From Hype to Production: The Real Truth About Legal AI in 2026

If you feel like the legal sector is constantly talking about AI but rarely showing how it actually changes daily operations, you aren’t alone. But the data shows the tide has officially turned.

A major IDC survey released this month on Early Adopters of Agentic AI Within the Legal Function revealed some fascinating truths about how corporate legal departments and law firms are deploying this technology:

  • It’s in production, but on a tight leash: Legal teams aren't letting AI run wild. 40% require human approval for every decision, preferring to restrict AI to routine, low-risk tasks.
  • Risk over cost savings: Legal buyers aren't trying to replace headcount. Instead, they are using AI as a shield for risk reduction, revenue protection, and compliance capacity.
  • Pragmatism wins: Rather than waiting for a massive, all-in-one platform overhaul, legal departments heavily favor targeted, standalone applications to solve immediate operational bottlenecks.

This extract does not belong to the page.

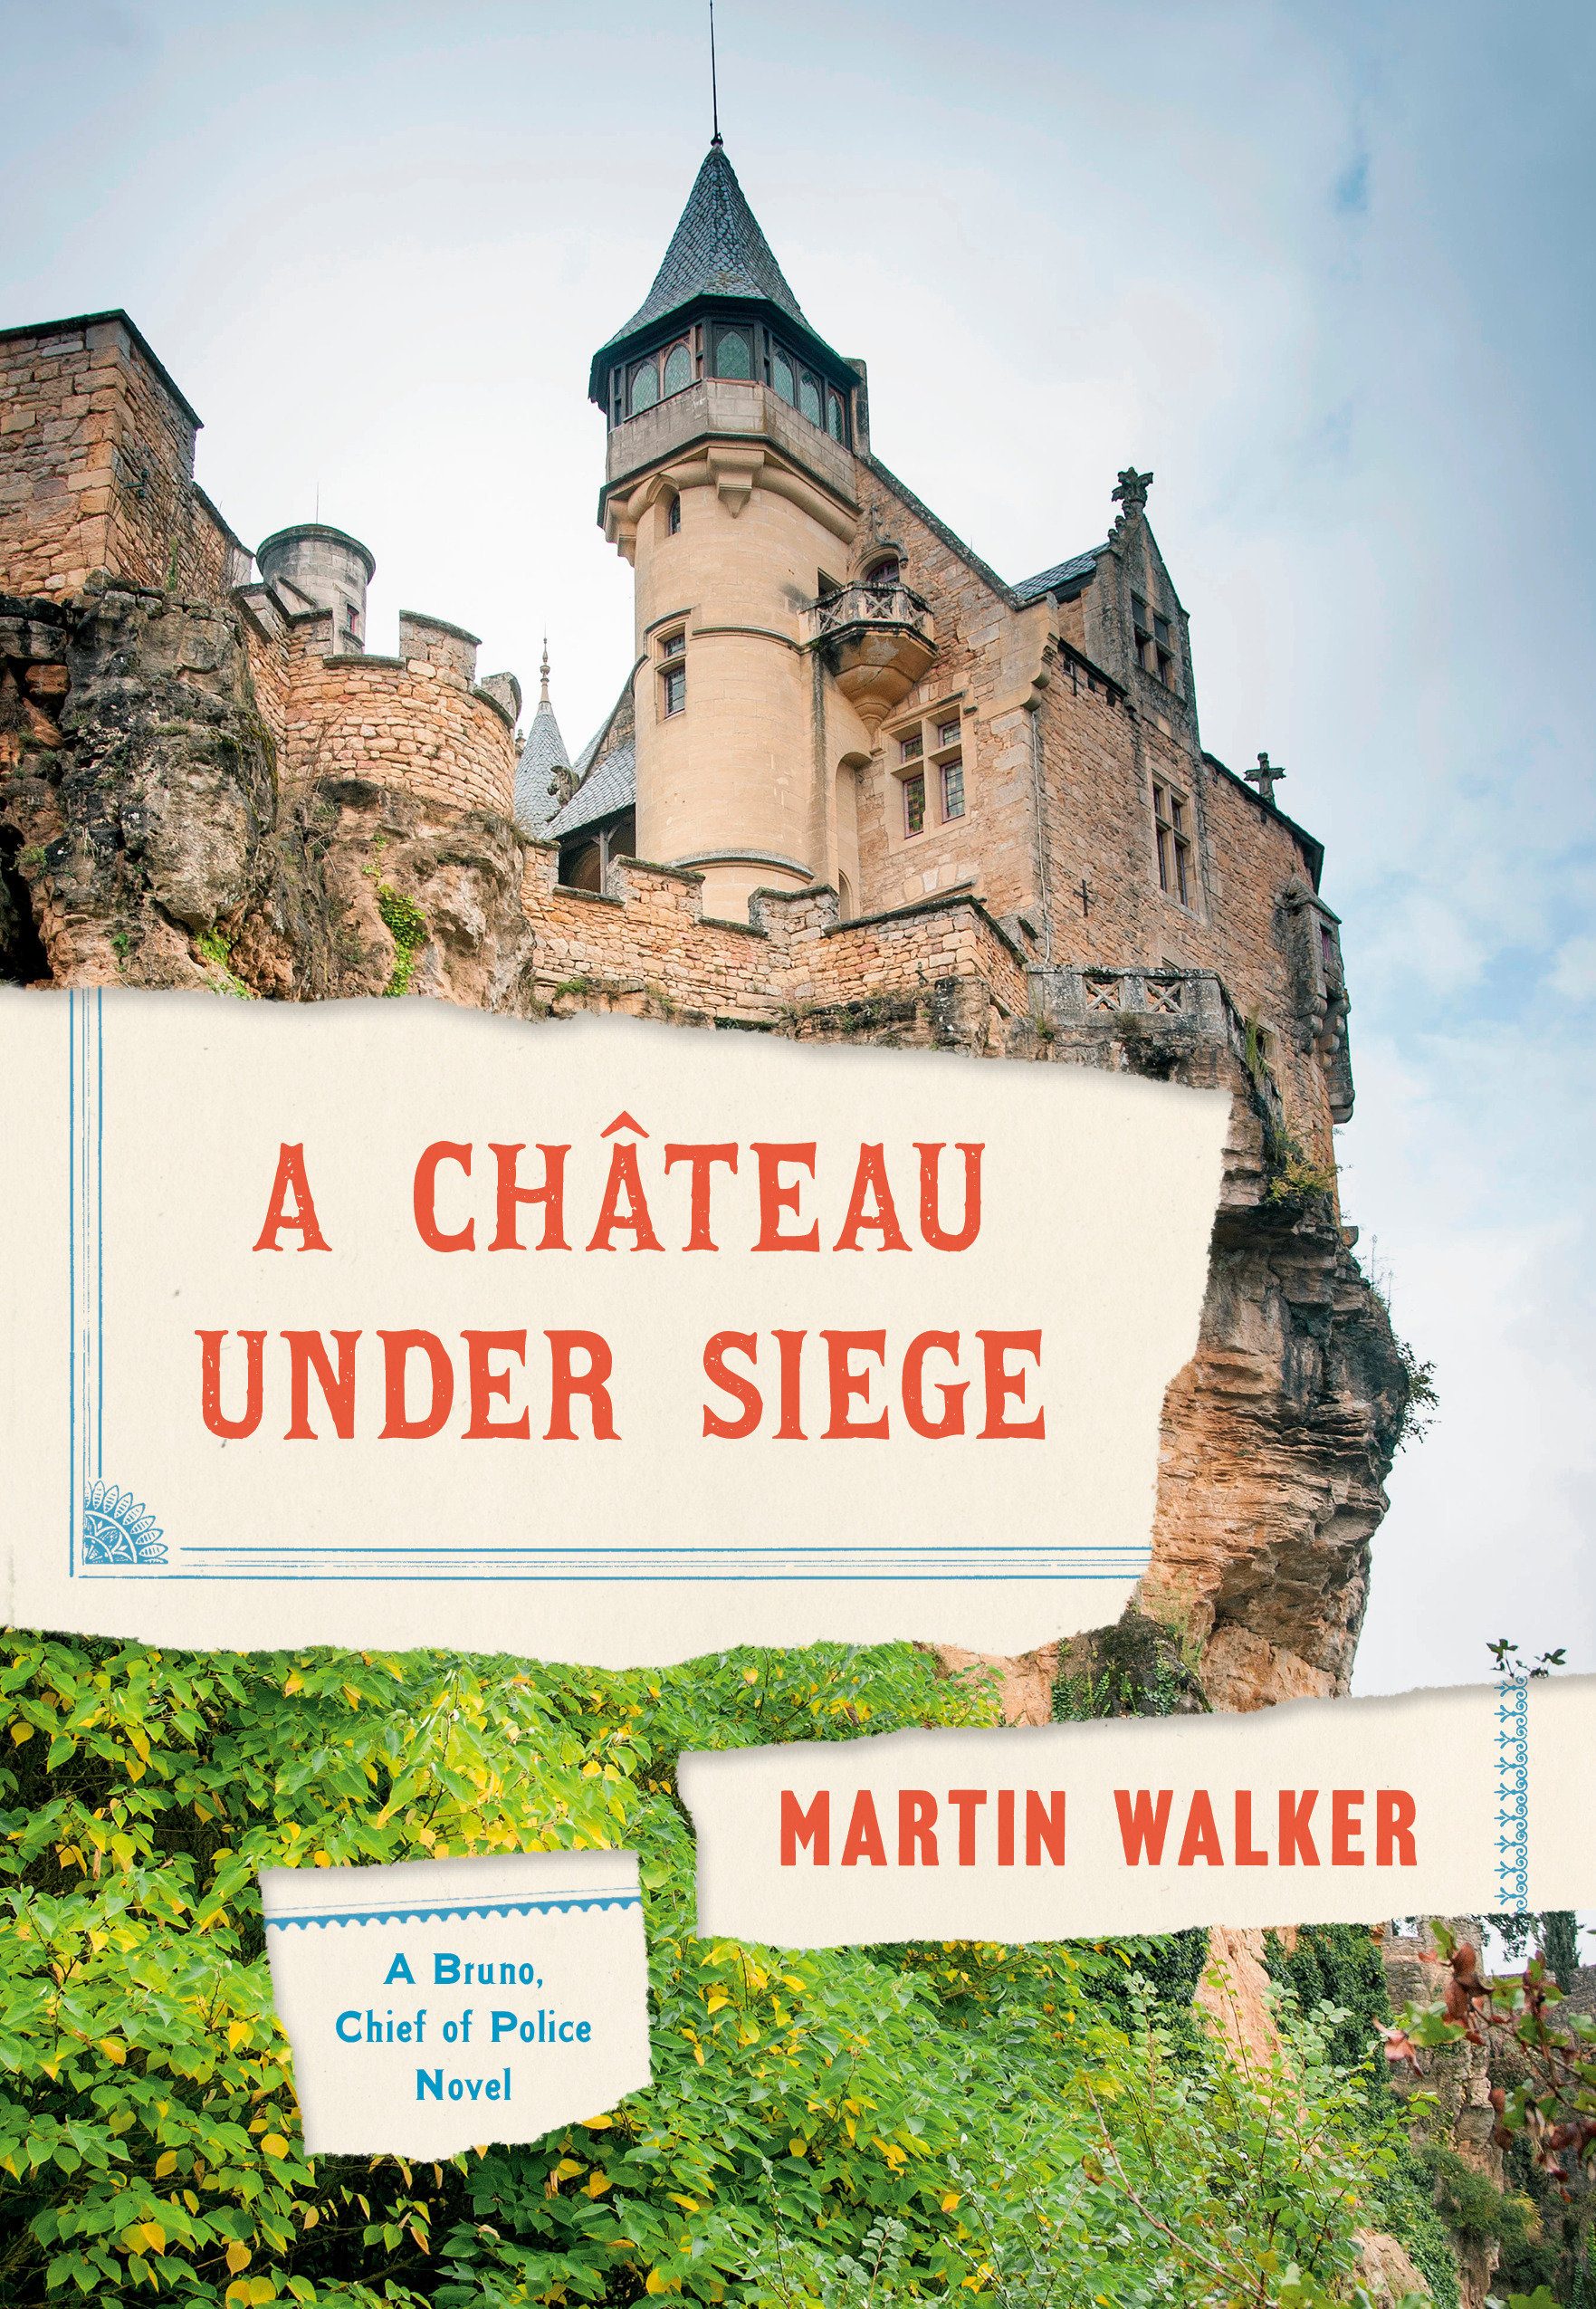 A Chateau Under Siege (Hardcover Book)

Download the Full IDC Survey Report

Real-World Proof: The Subpoena Bottleneck

We just saw a textbook example of these survey trends in action with Exterro’s launch of Subpoena Manager.

Subpoena intake is a historic operational nightmare for large law firms and corporate legal departments. It involves tracking deadlines, organizing requests, assigning responsibilities, and maintaining compliance records across multiple jurisdictions. Manual errors don't just cost time; they introduce missed deadlines and inconsistent documentation that expose firms to malpractice liability and court sanctions.

Exterro’s new tool hits the exact sweet spot noted in the IDC survey: it uses AI to automate data entry, extract key information, categorize requests, and flag deadlines. Crucially, attorneys retain control over substantive decisions regarding privilege assertions, objections, and production strategies. The system functions as a force multiplier for administrative staff rather than a decision-making replacement.